In contrast to hemostasis (which is a term used to describe a physiological response that prevents bleeding), thrombosis usually signifies pathophysiologic formation of a clot or a thrombus. This event may subsequently give rise to life-threatening consequences as a result of either blood flow reduction by the thrombus itself, or by rupture and spread of thrombi, which is also known as embolization.
In the middle of 19th century, German physician Rudolf Virchow described the repercussions of pulmonary embolus that migrated from the venous circulation, which was later introduced to the medical literature as Virchow’s Triad.
Today, we know that this triad delineates the pathogenesis and etiology of thrombosis and consists of alterations in blood flow (stasis), vascular endothelial injury, and hypercoagulability. It is also used to assess the risk of thrombosis, namely deep vein thrombosis.
High levels of certain coagulation factors and defects in the natural anticoagulants can predispose an individual to thrombotic events. For example, approximately 5% of all Caucasian population has a genetic alteration which makes factor Va resistant to activated protein C. When such variants work concertedly with other risk factors (such as oral contraceptive use), thrombotic risk is even further increased.
The endothelium of blood vessels provides a pivotal role in prevention of thrombosis, as its surface intercepts the attachment of cells and proteins that are required for coagulation cascade. Healthy and intact endothelial cells express different anticoagulants; contrariwise, when activated, these cells downregulate the expression of thrombomodulin (one of the important anticoagulant proteins) and upregulate tissue factor procoagulant activity.
Furthermore, miscellaneous adhesion molecules are also expressed on activated endothelial cells, such as E-selectin, P-selectin, and von Willebrand factor that capture white blood cells and platelets. In addition, the venous valve sinus is susceptible to thrombosis due to haphazard blood flow patterns and the possibility of a low oxygen tension.
Hypercoagulable state is a common term used to describe a plethora of conditions that favor procoagulant state and arise as a consequence of unbalanced hemostatic mechanisms inclining towards thrombosis. Hence the changes in the hemostatic factors and their defects (most notably antithrombin deficiency and variations in the protein C and fibrinolytic pathways) play a significant role in venous thrombosis.
Inflammation and coagulation (that eventually leads to thrombosis) are closely interrelated, which is supported by the observations that the inflammatory processes are frequently accompanied by activation of blood coagulation and fibrin formation, and that thrombosis almost invariably elicits an inflammatory reaction.
Akin to oral contraceptives, pregnancy also carries an increased risk for venous thrombosis development (which is increased even further in individuals with thrombophilia). Cancer is considered one of the major risk factors for venous thrombosis, as tumors are known to shed membrane particles with procoagulant activity.
Arterial and microvascular thrombosis
Contrary to venous thrombosis, the activation of coagulation factors does not play a major role in arterial thrombosis, most likely due to their removal by the high flow present in the arteries. Damages in the vessel wall in hypertension or vascular anomalies come into play here, as they can induce turbulence and adjusted blood flow.

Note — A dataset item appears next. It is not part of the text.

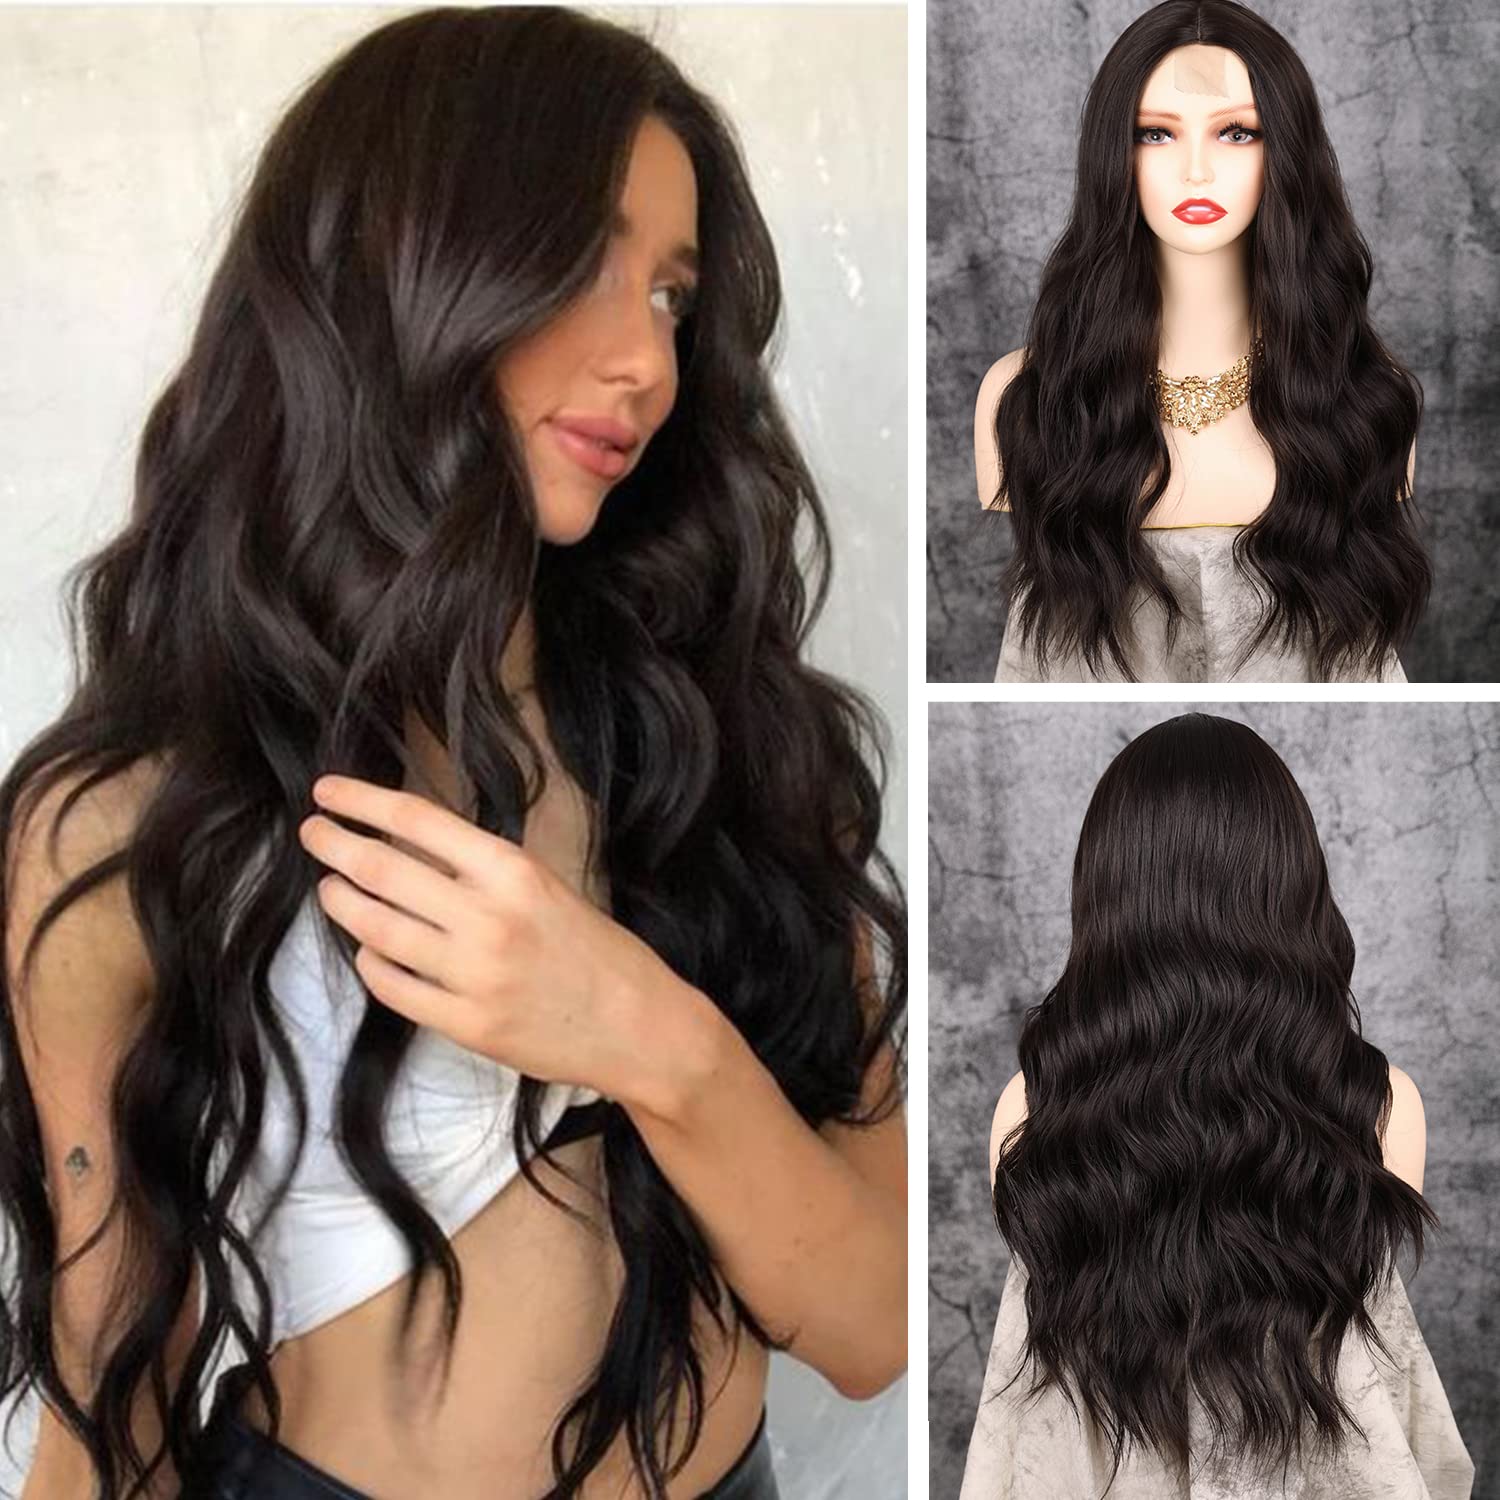 Long Wavy Wig for Women Middle Part Long Curly Ombre Brown Wig Synthetic Hair Replacement Wigs Natural Looking Dark Roots Heat Resistant Fiber for Daily Party Use

Hyperactivity of platelets is also an important factor in the pathophysiology of arterial thrombosis, thus vascular events can be effectively prevented with antiplatelet therapy (for example, by using acetylsalicylic acid). Still, such vascular events are usually presented as stroke or myocardial infarction – a well-known causes of morbidity and mortality around the world.
Thrombosis may also occur in the microcirculation, which should not be neglected as it represents the largest surface area of the body vasculature. The effect of pathologic stimuli on microvascular thrombosis varies according to the vessel type (venules or arterioles), as they show differences in prostacyclin, nitric oxide and von Willebrand factor expression.
In conclusion, thrombosis and thromboembolism represent significant health care problems, and their causes can be both hereditary and acquired. A better understanding of causes and mechanisms underlying these events is pivotal, as it can provide information for the design of safer and more effective antithrombotic drugs.